Het gebrek aan veiligheid heeft het gebruik mogelijk een boost gegeven
Zelf met de wijsheid achteraf vindt Cerf dat het geen goed idee zou zijn geweest om al veiligheid in te bouwen toen internet werd geïntroduceerd. De vroegste gebruikers waren studenten en die waren over het algemeen niet erg gedisciplineerd wat betreft het onthouden van wachtwoorden. Veel van hen zouden daardoor makkelijk buitengesloten kunnen worden.
"Terugkijkend weet ik niet of het zou hebben gewerkt om dit veiligheidssysteem in te bouwen", zegt hij. "We zouden misschien niet in staat zijn geweest het netwerk zo'n grote vlucht te laten nemen, omdat dat te ingewikkeld zou zijn geweest."
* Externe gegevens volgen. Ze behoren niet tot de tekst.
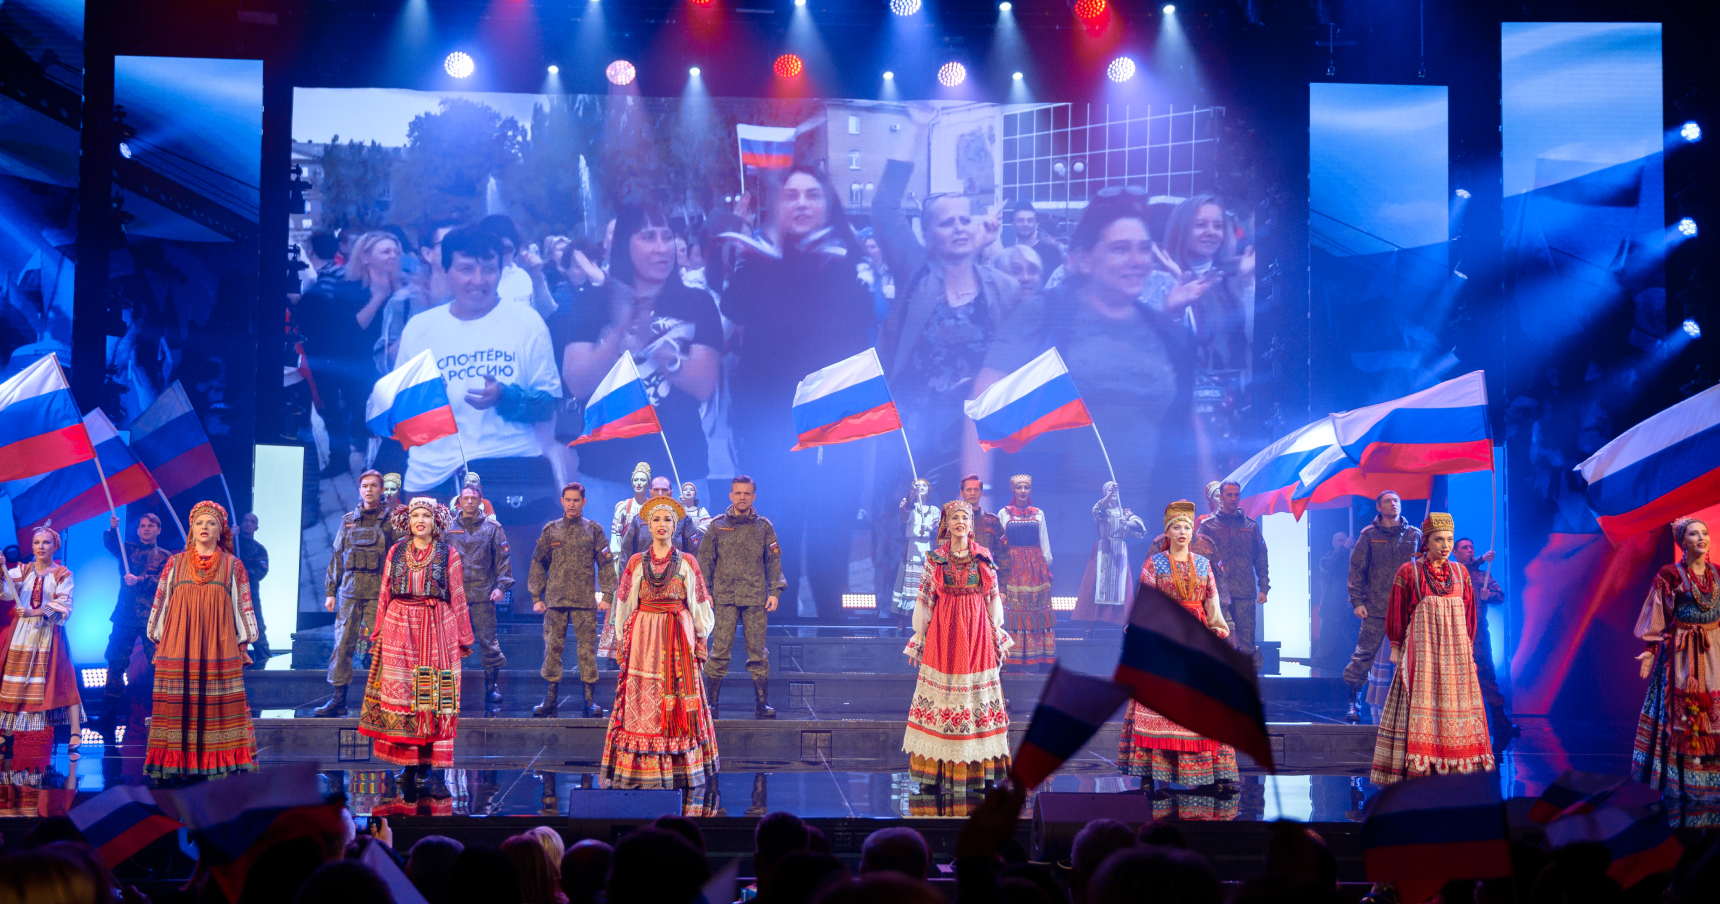 russian concert san francisco

De veiligheidssituatie op het internet was een stuk eenvoudiger op te lossen dan het gebrek aan ruimte, zei Cerf. Het was relatief makkelijk om encryptietechnologie toe te voegen aan verschillende diensten en toepassingen van het internet en het wordt nu volop gebruikt. Zo is het protocol HTTPS dat websites gebruiken om hun pagina's veilig te verzenden nog steeds gebaseerd op de encryptietechnologie die destijds is geïntroduceerd.
Andere veiligheidstoepassingen zoals tweestapsverificatie zijn later ingevoerd. Veiligheid wordt met "terugwerkende kracht" ingevoegd in het internet, stelt Cerf.